_Collected data_:
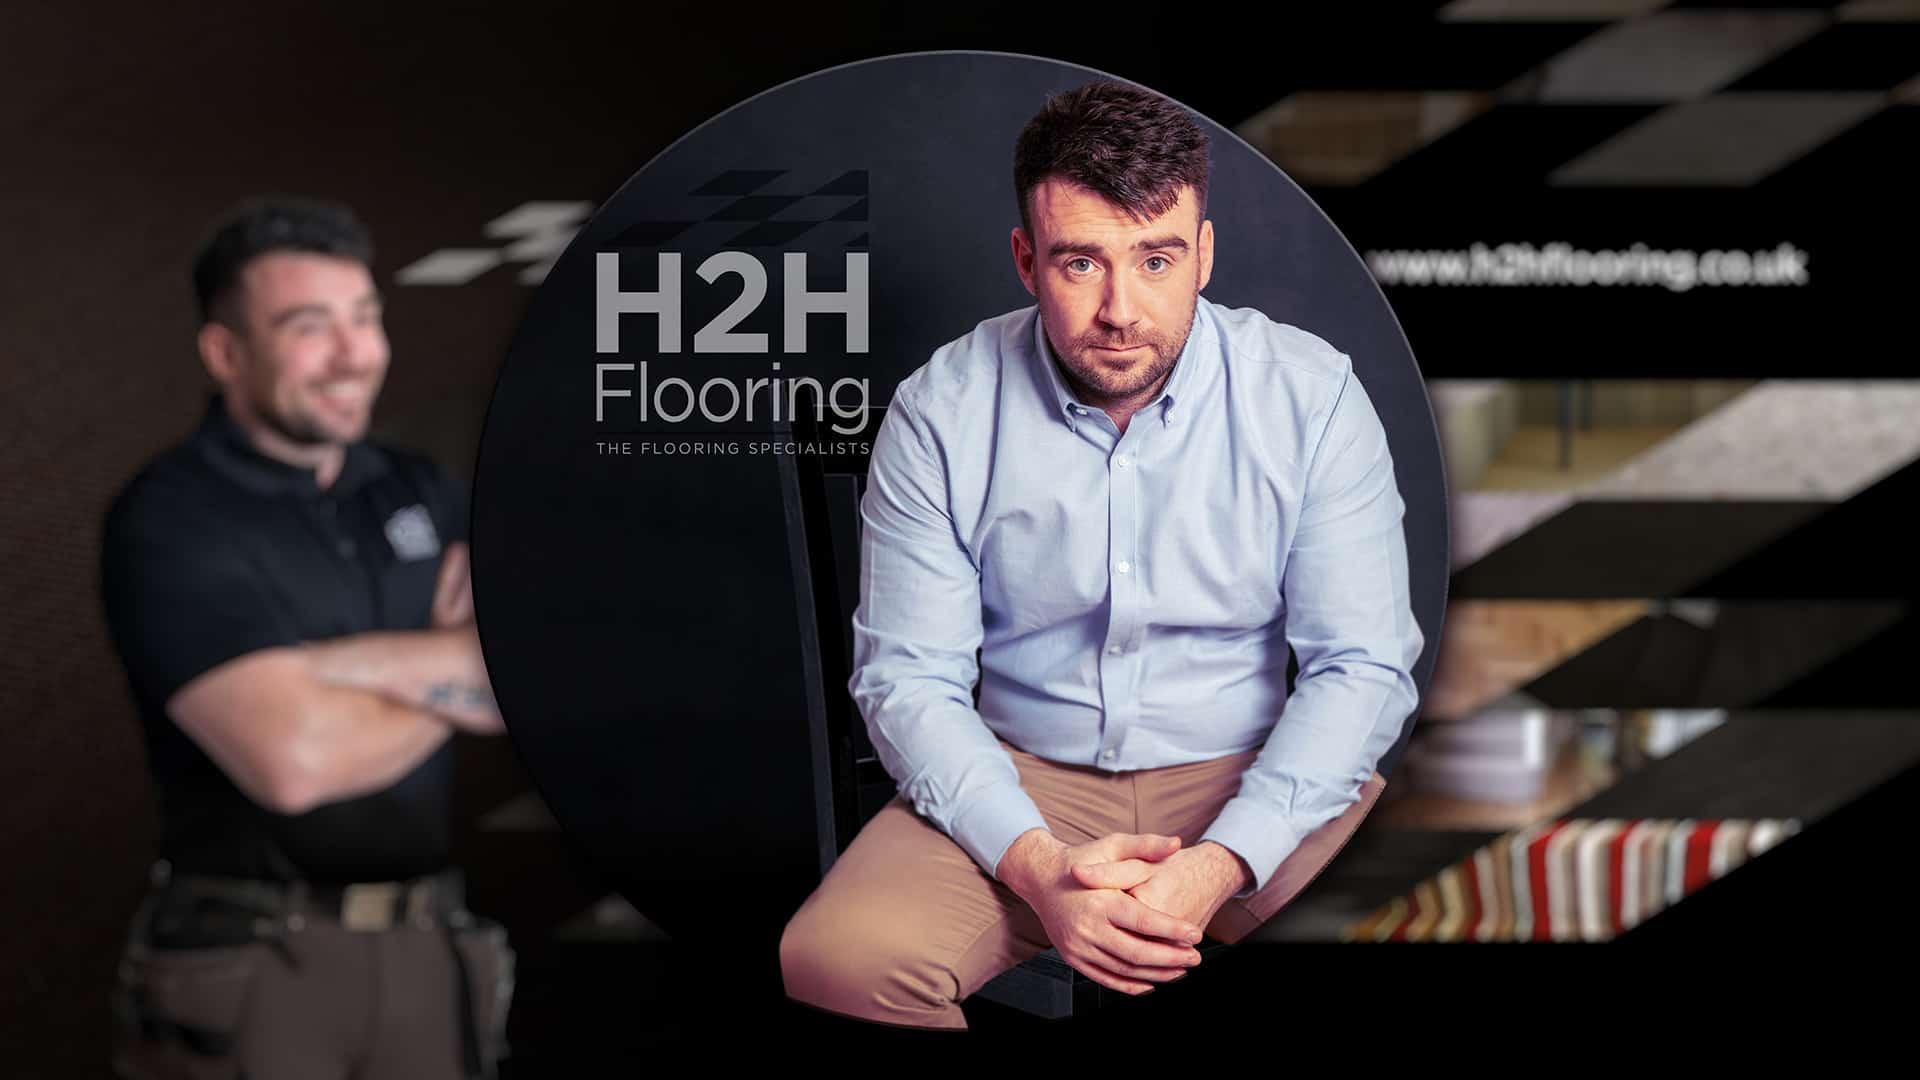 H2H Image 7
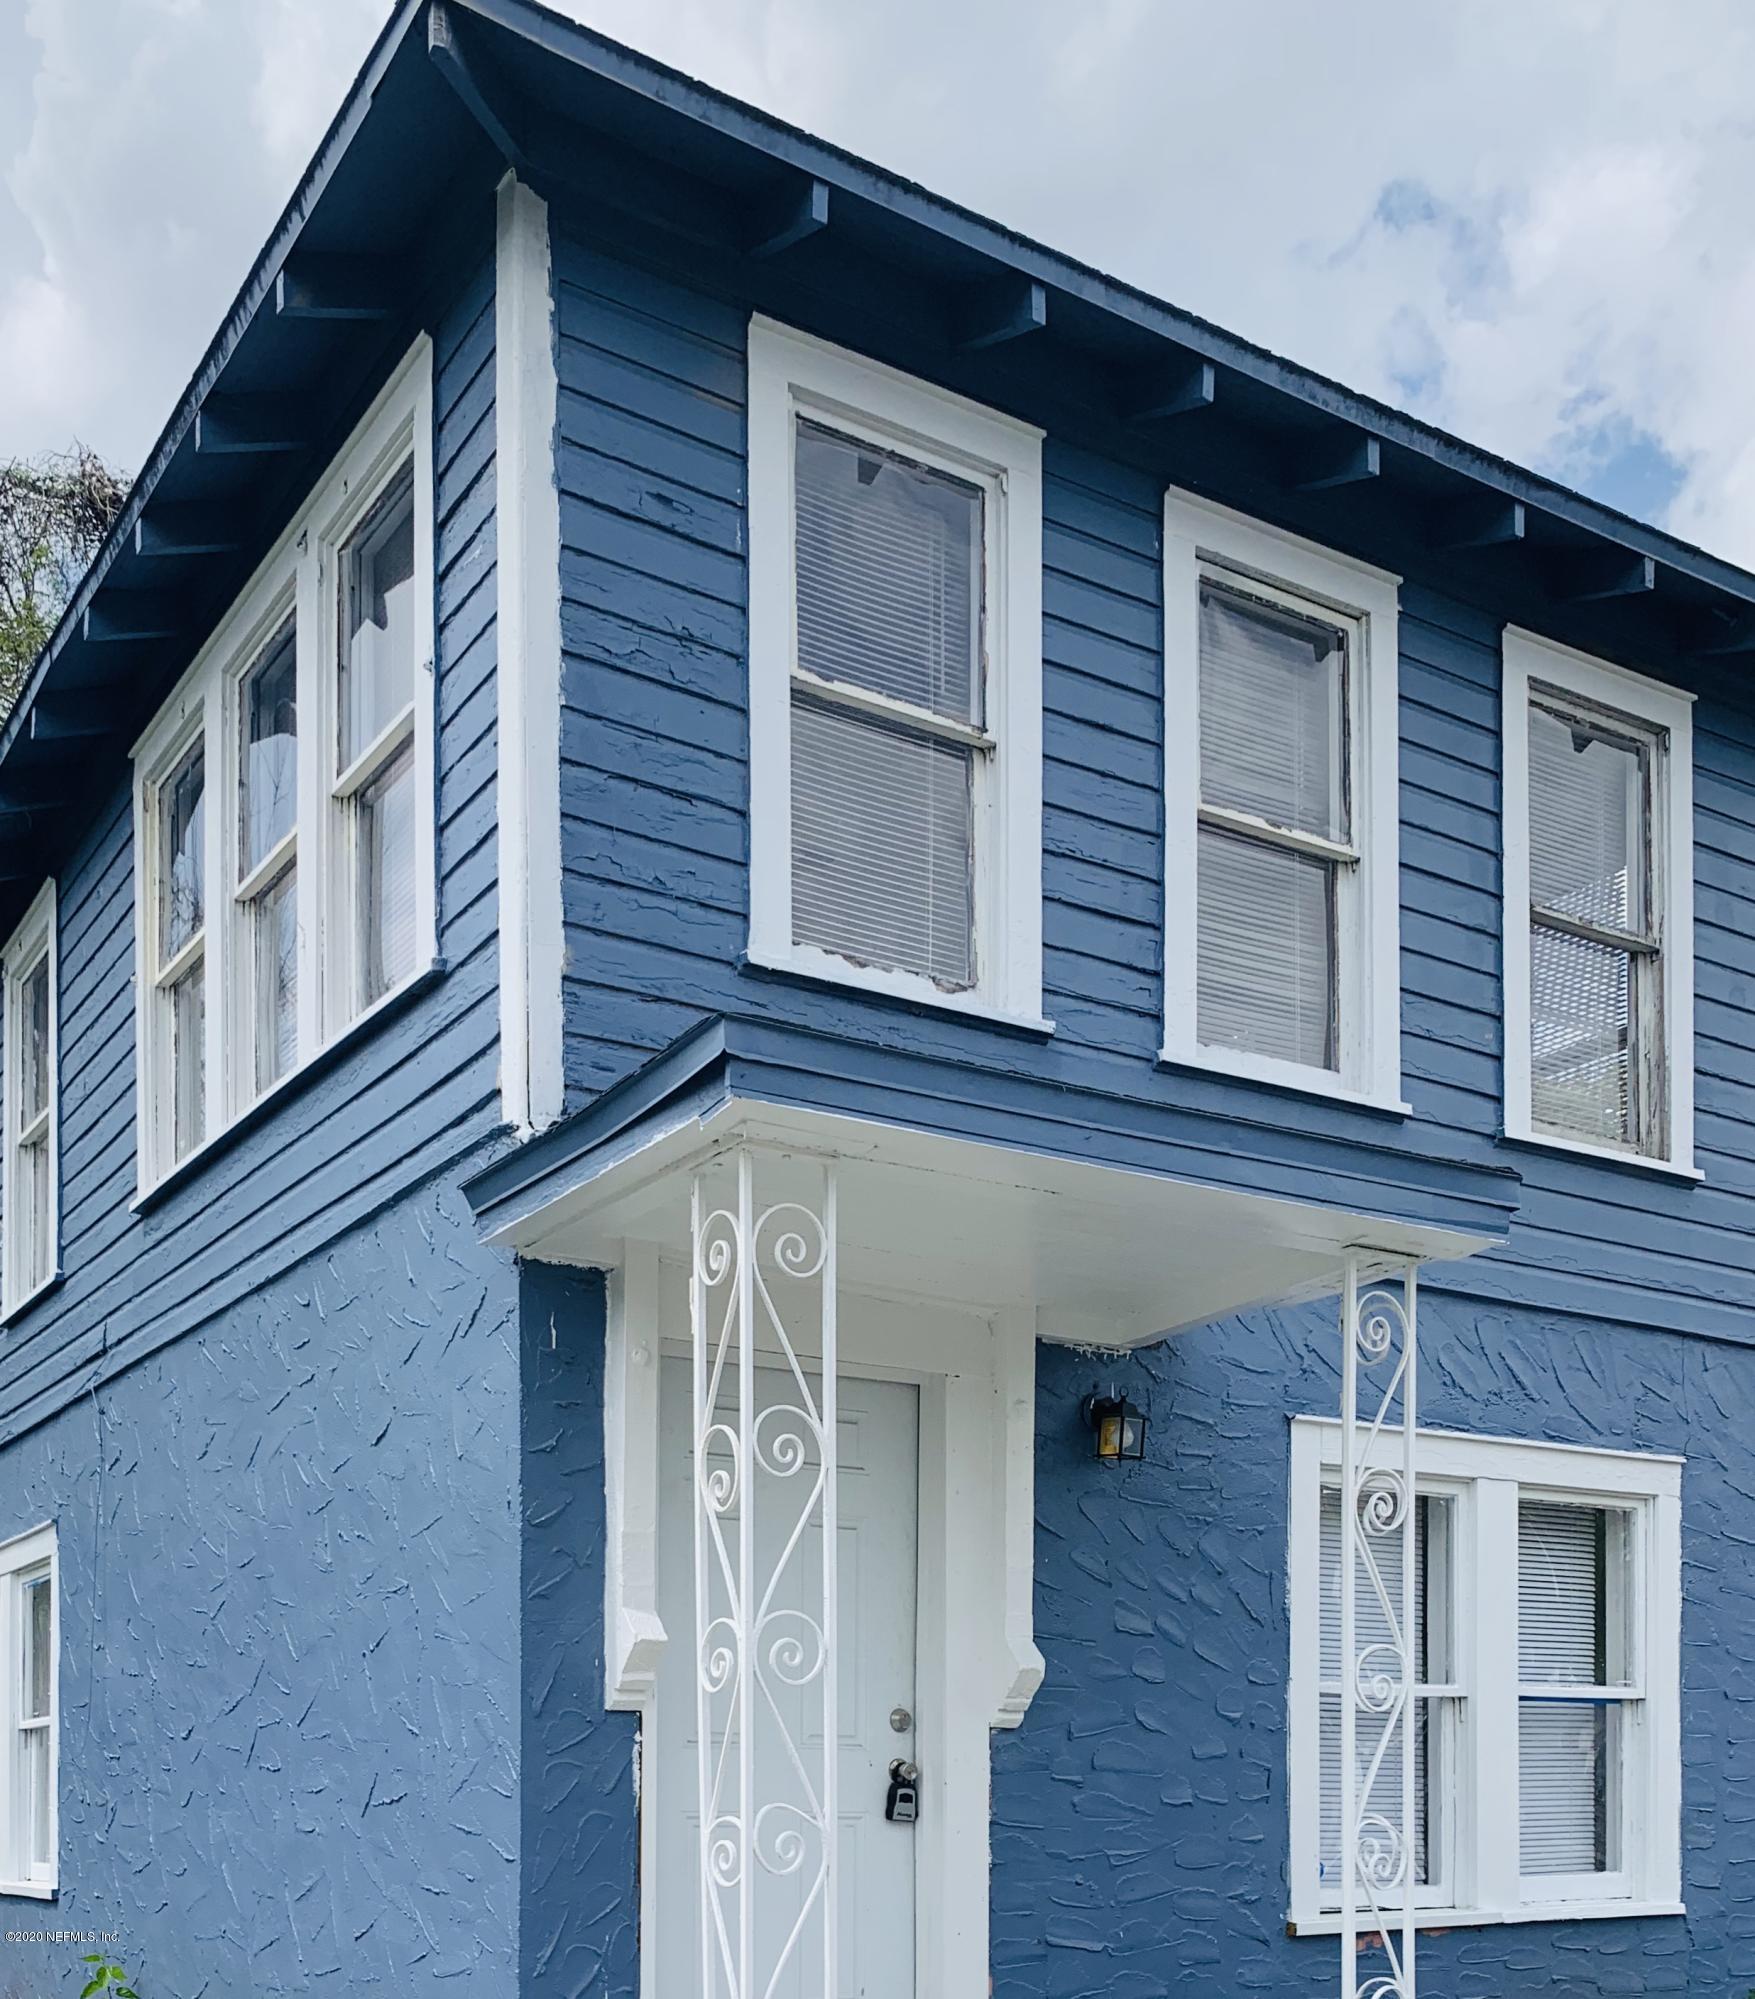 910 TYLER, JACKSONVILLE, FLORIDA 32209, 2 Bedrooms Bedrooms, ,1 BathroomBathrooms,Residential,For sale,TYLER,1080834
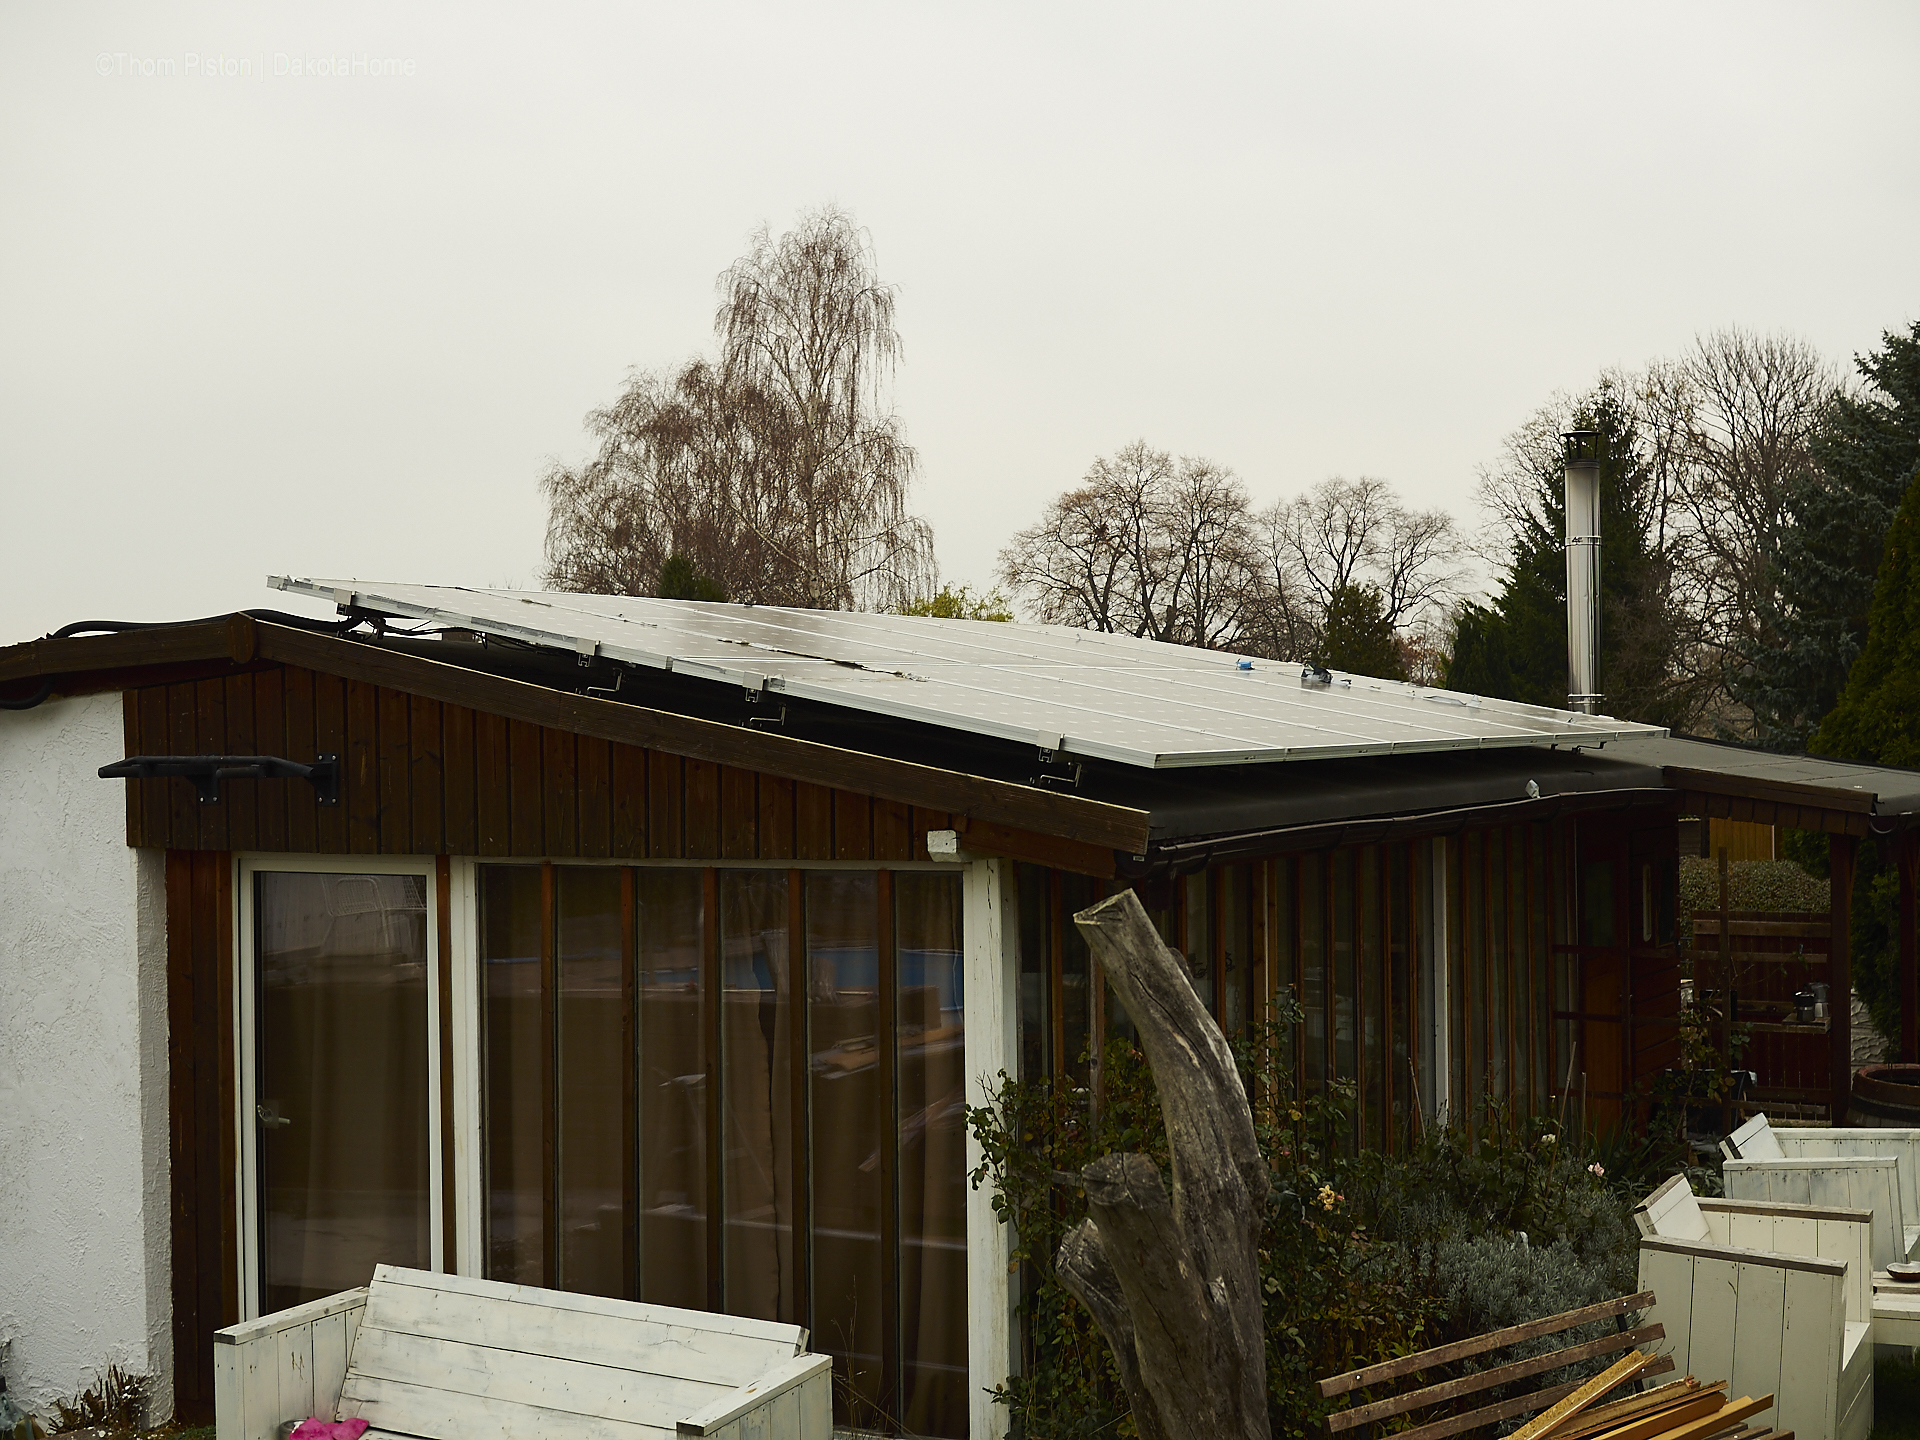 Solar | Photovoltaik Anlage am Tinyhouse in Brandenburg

_Task instructions_:
For this exercise, repeat word for word only the lines from the one containing "910 TYLER, JACKSONVILLE, FLORIDA" through the end of the data, including both. Pictures do not go in the copy.

_Result_:
 910 TYLER, JACKSONVILLE, FLORIDA 32209, 2 Bedrooms Bedrooms, ,1 BathroomBathrooms,Residential,For sale,TYLER,1080834
 Solar | Photovoltaik Anlage am Tinyhouse in Brandenburg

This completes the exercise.